▶ _Problem to solve_:
Could you set down the listing below exactly, leaving out its pictures?

▶ _Data shown_:
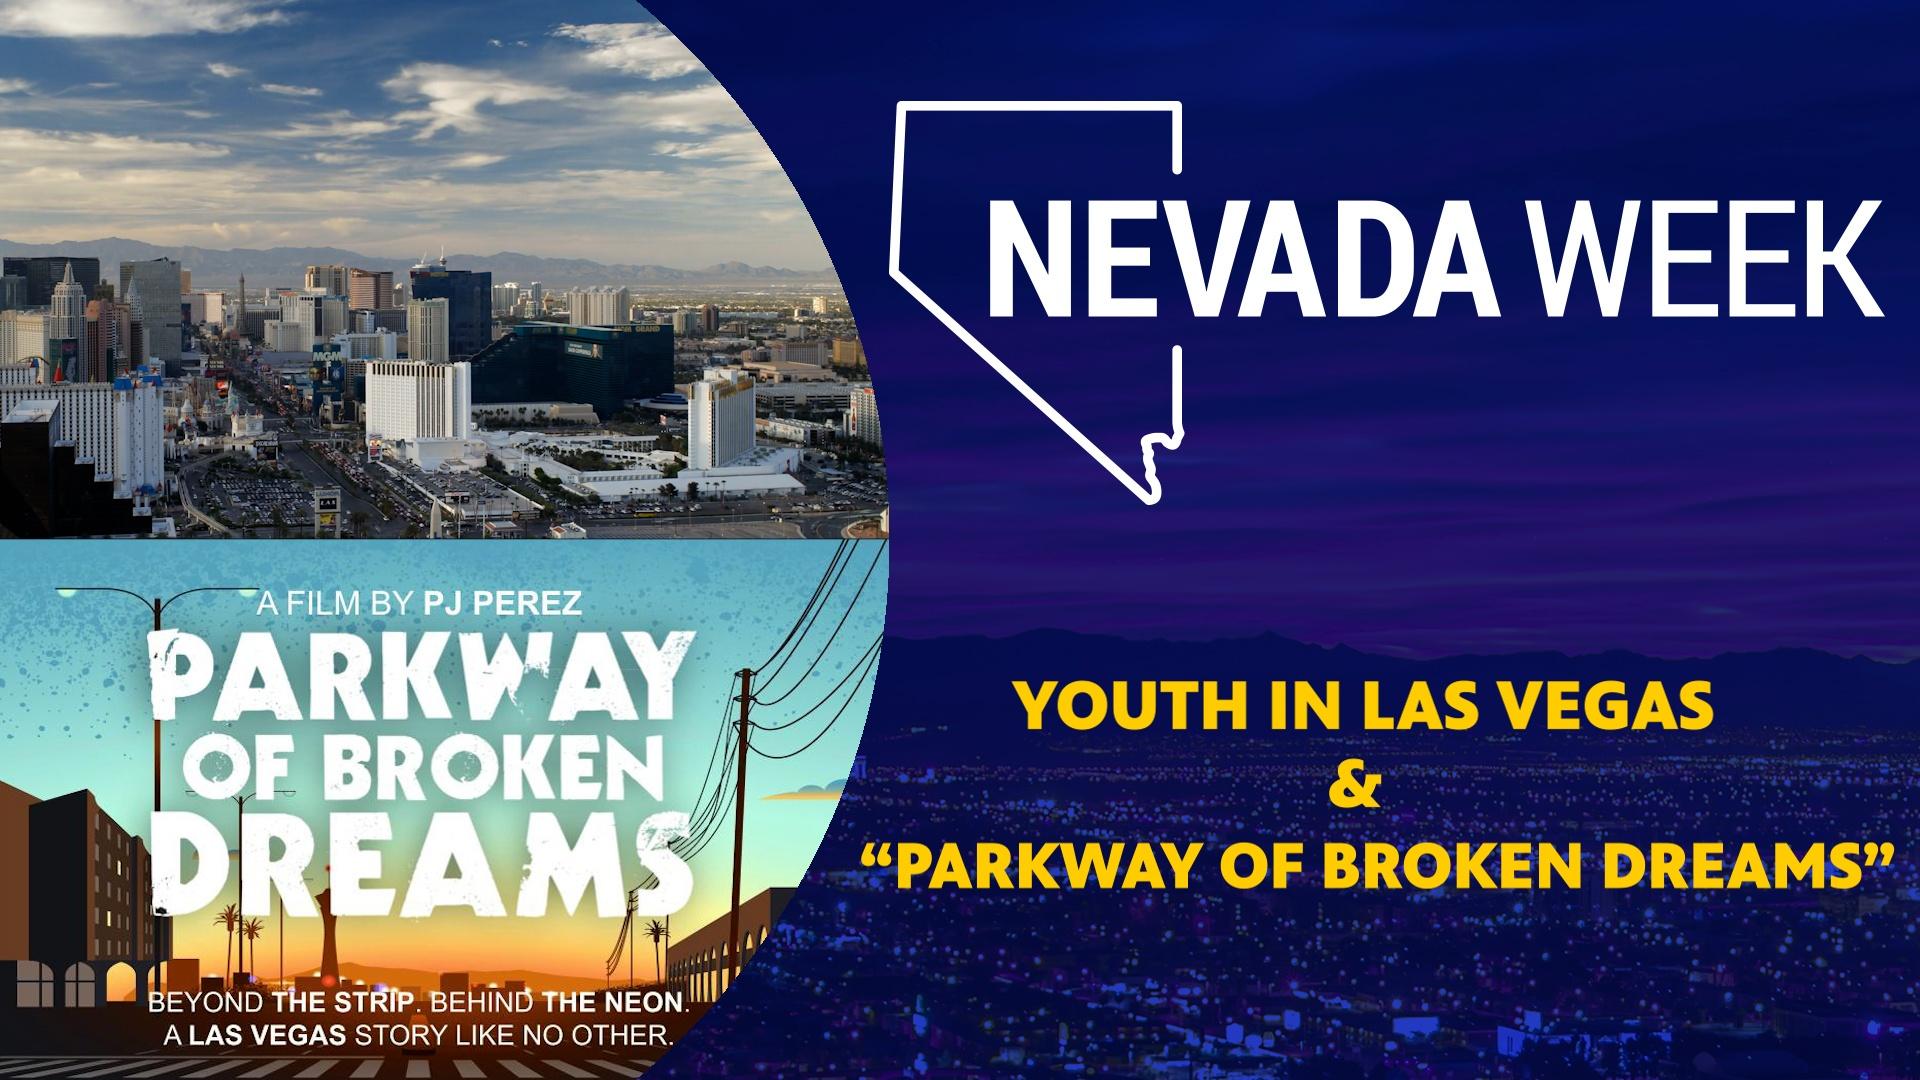 Youth in Las Vegas and “Parkway of Broken Dreams”
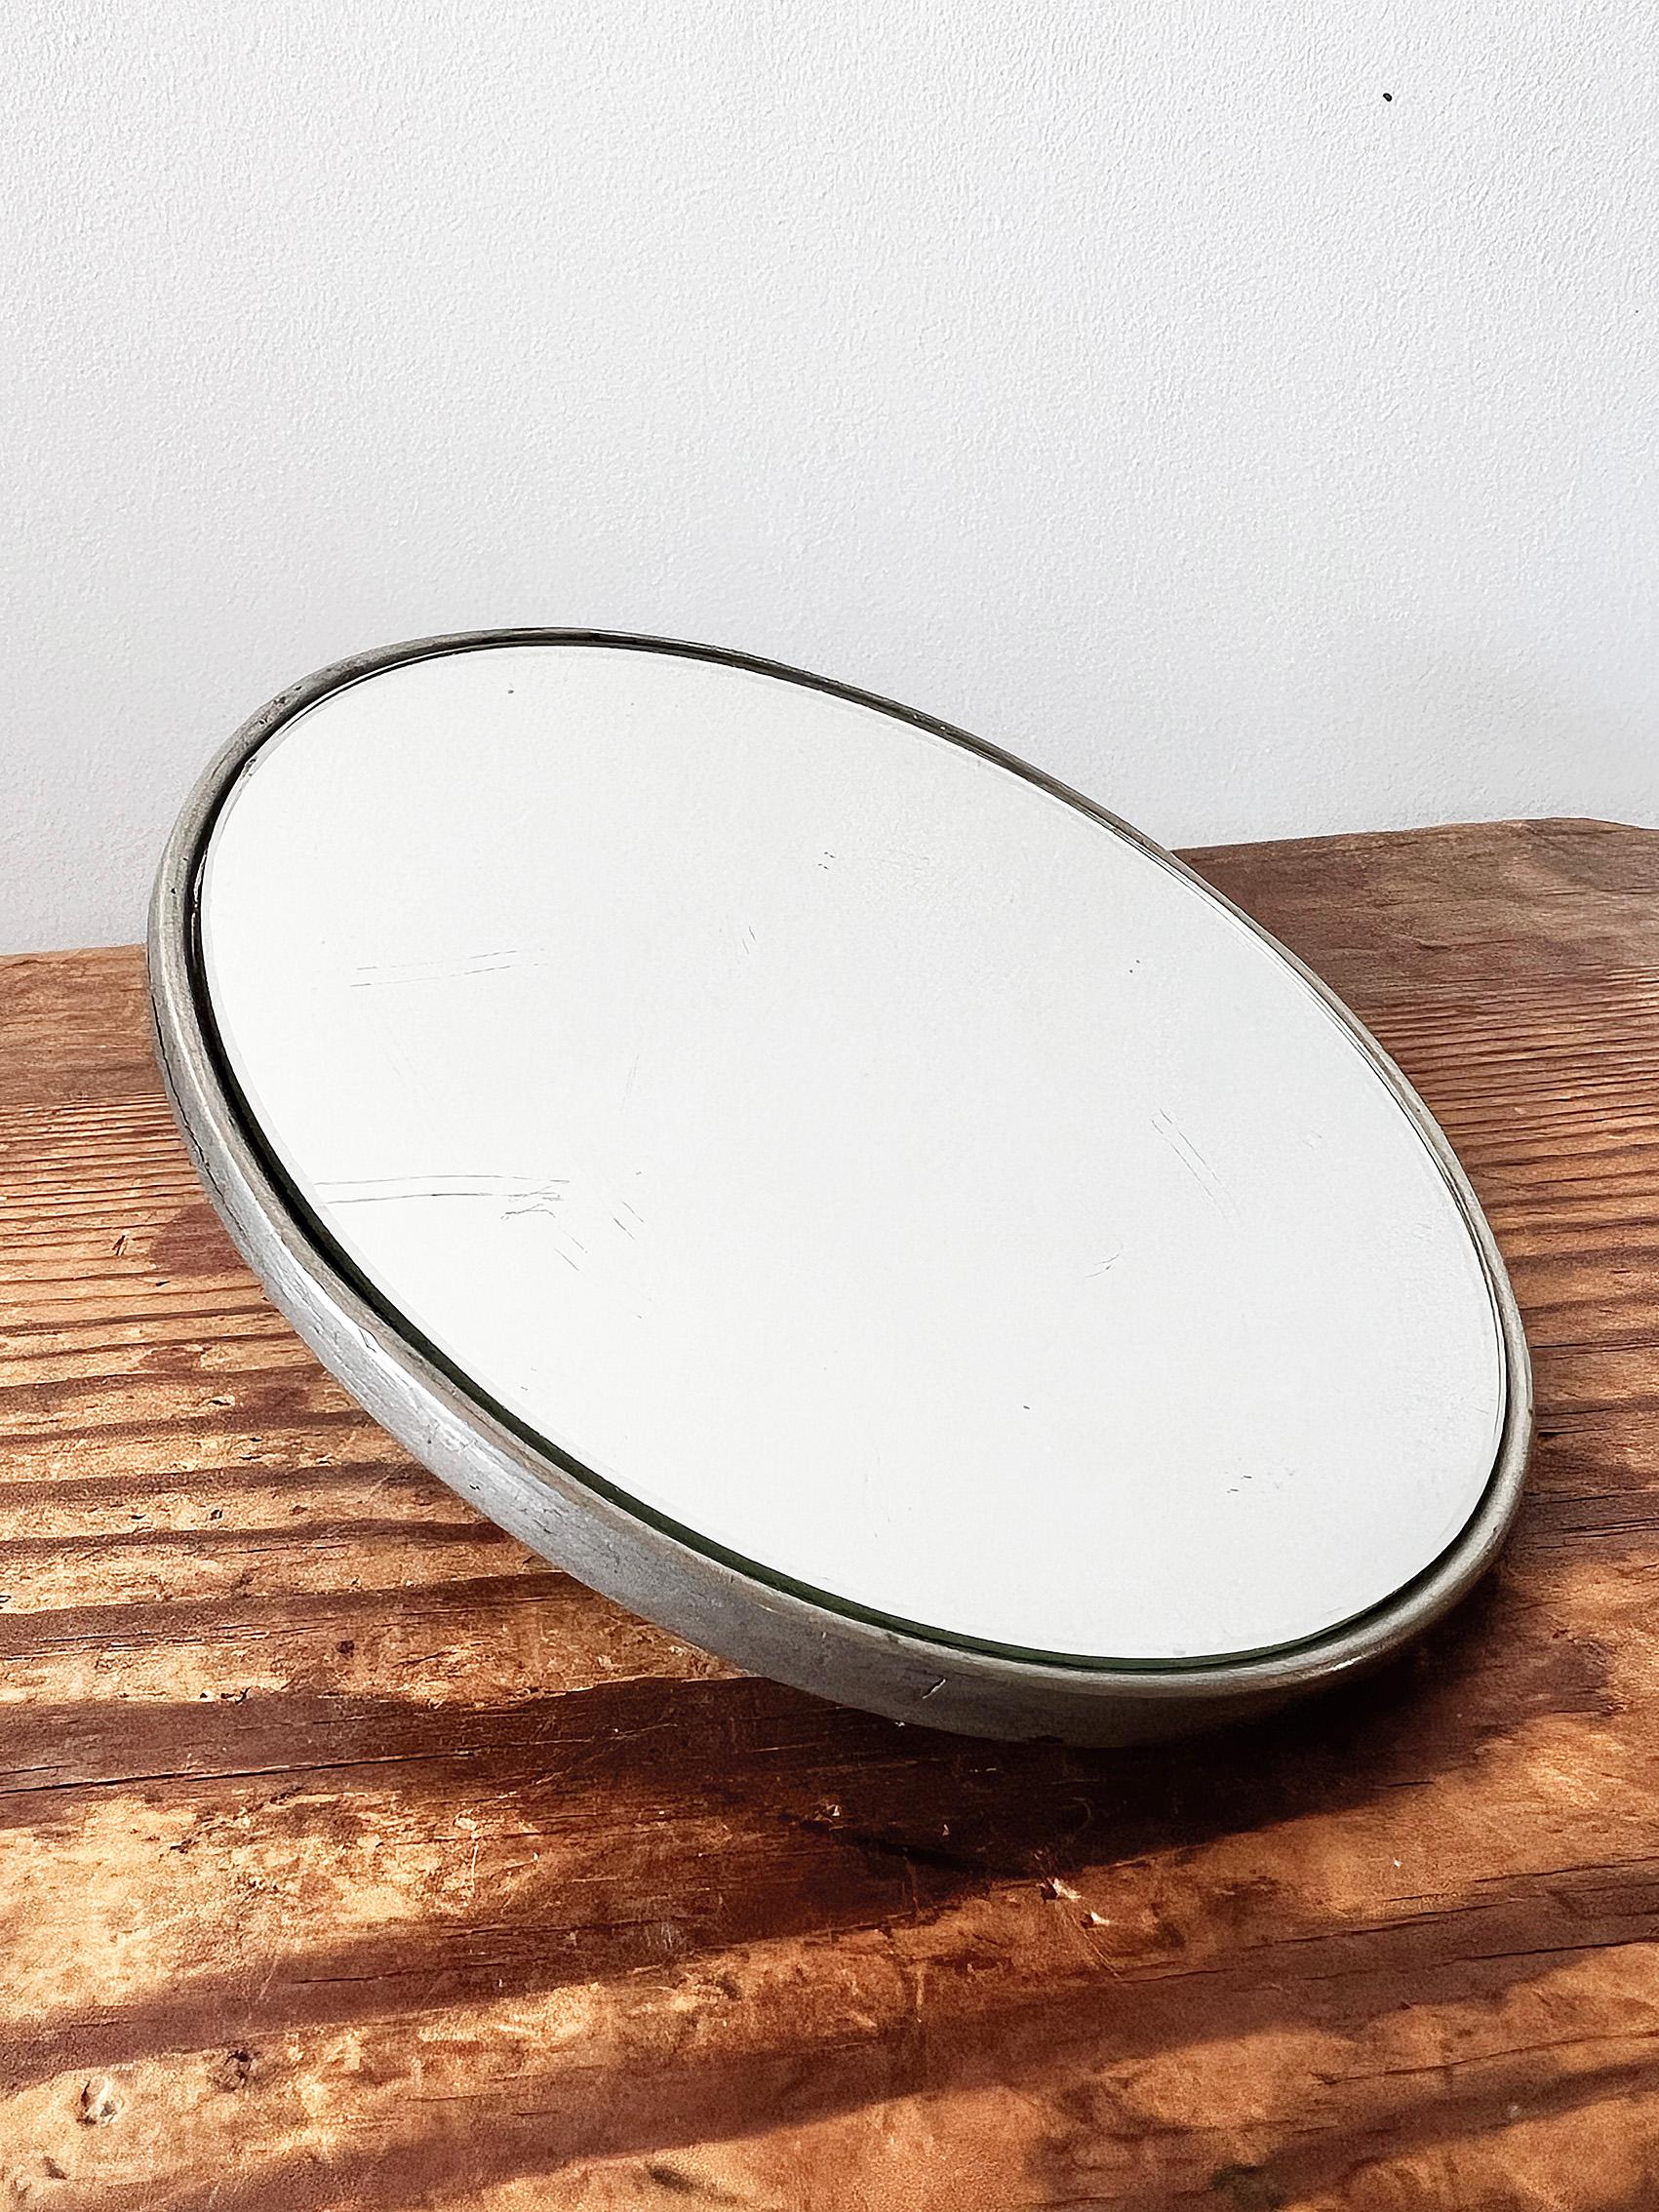 Mid-20th Century Scandinavian Modern Pewter Vanity Mirror, Sweden Ca 1930 - 1940's For Sale
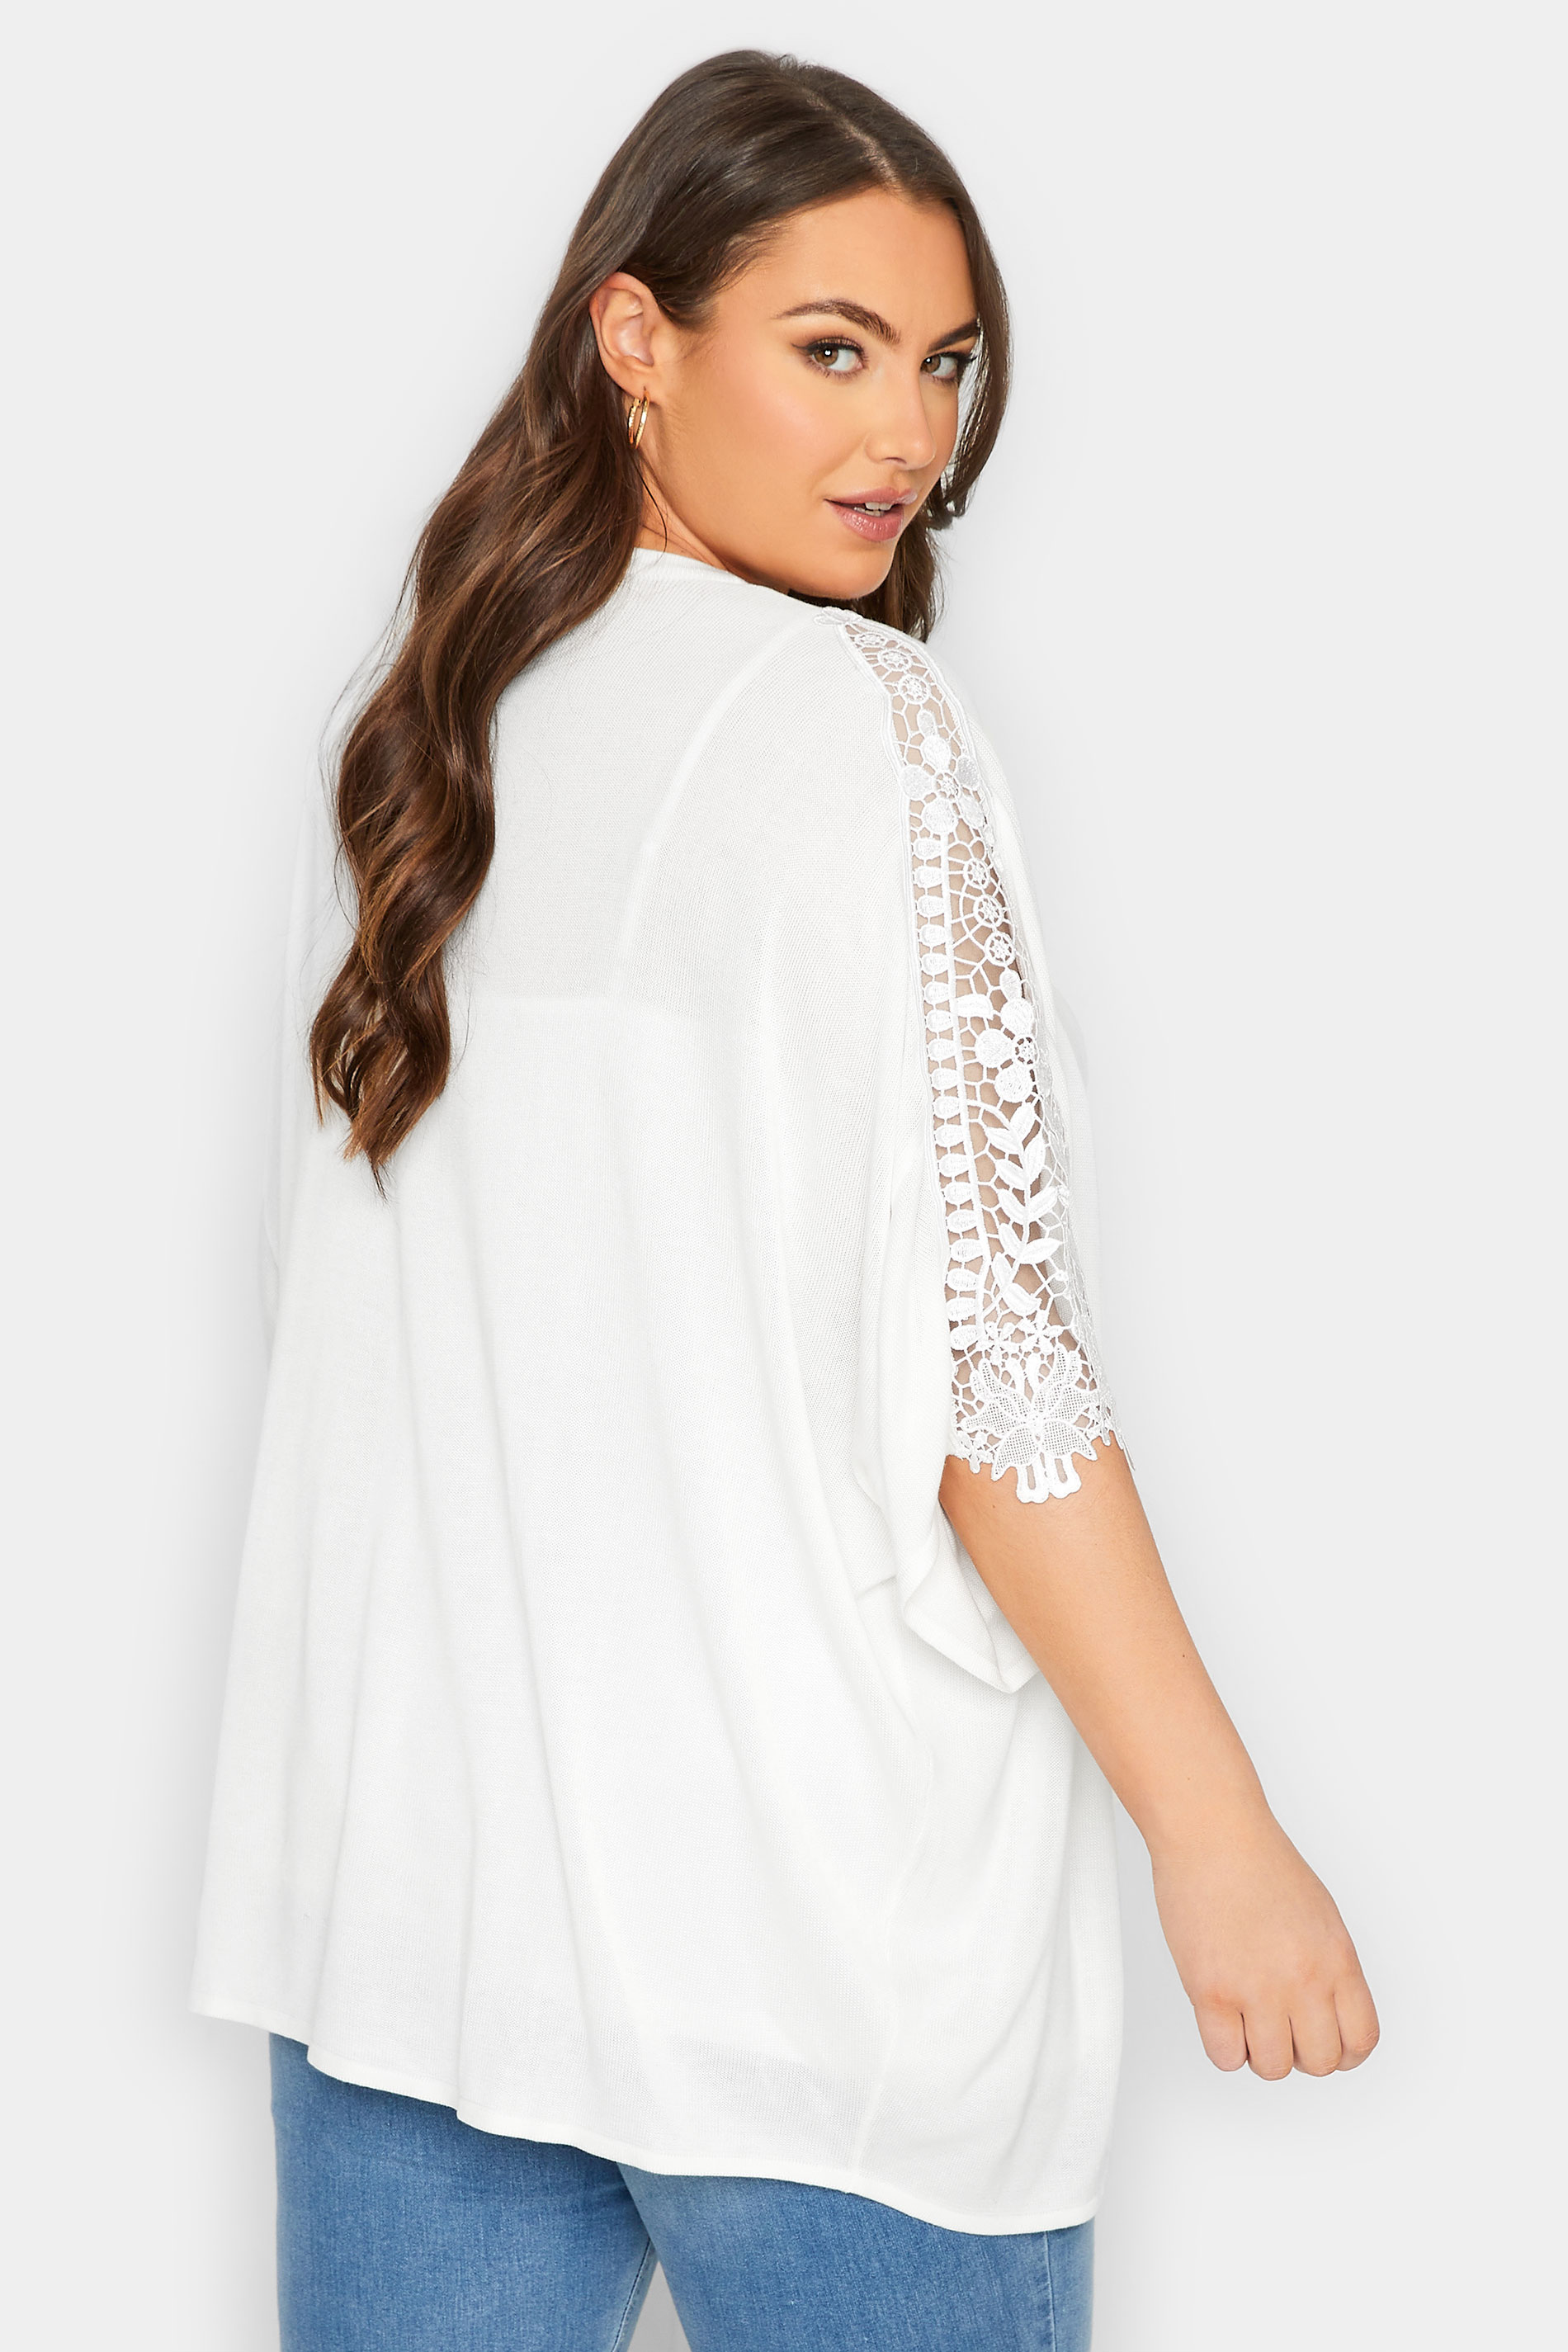 YOURS Plus Size White Crochet Sleeve Kimono | Yours Clothing 3

▶ _Task result_:
 Youth in Las Vegas and “Parkway of Broken Dreams”
 Mid-20th Century Scandinavian Modern Pewter Vanity Mirror, Sweden Ca 1930 - 1940's For Sale
 YOURS Plus Size White Crochet Sleeve Kimono | Yours Clothing 3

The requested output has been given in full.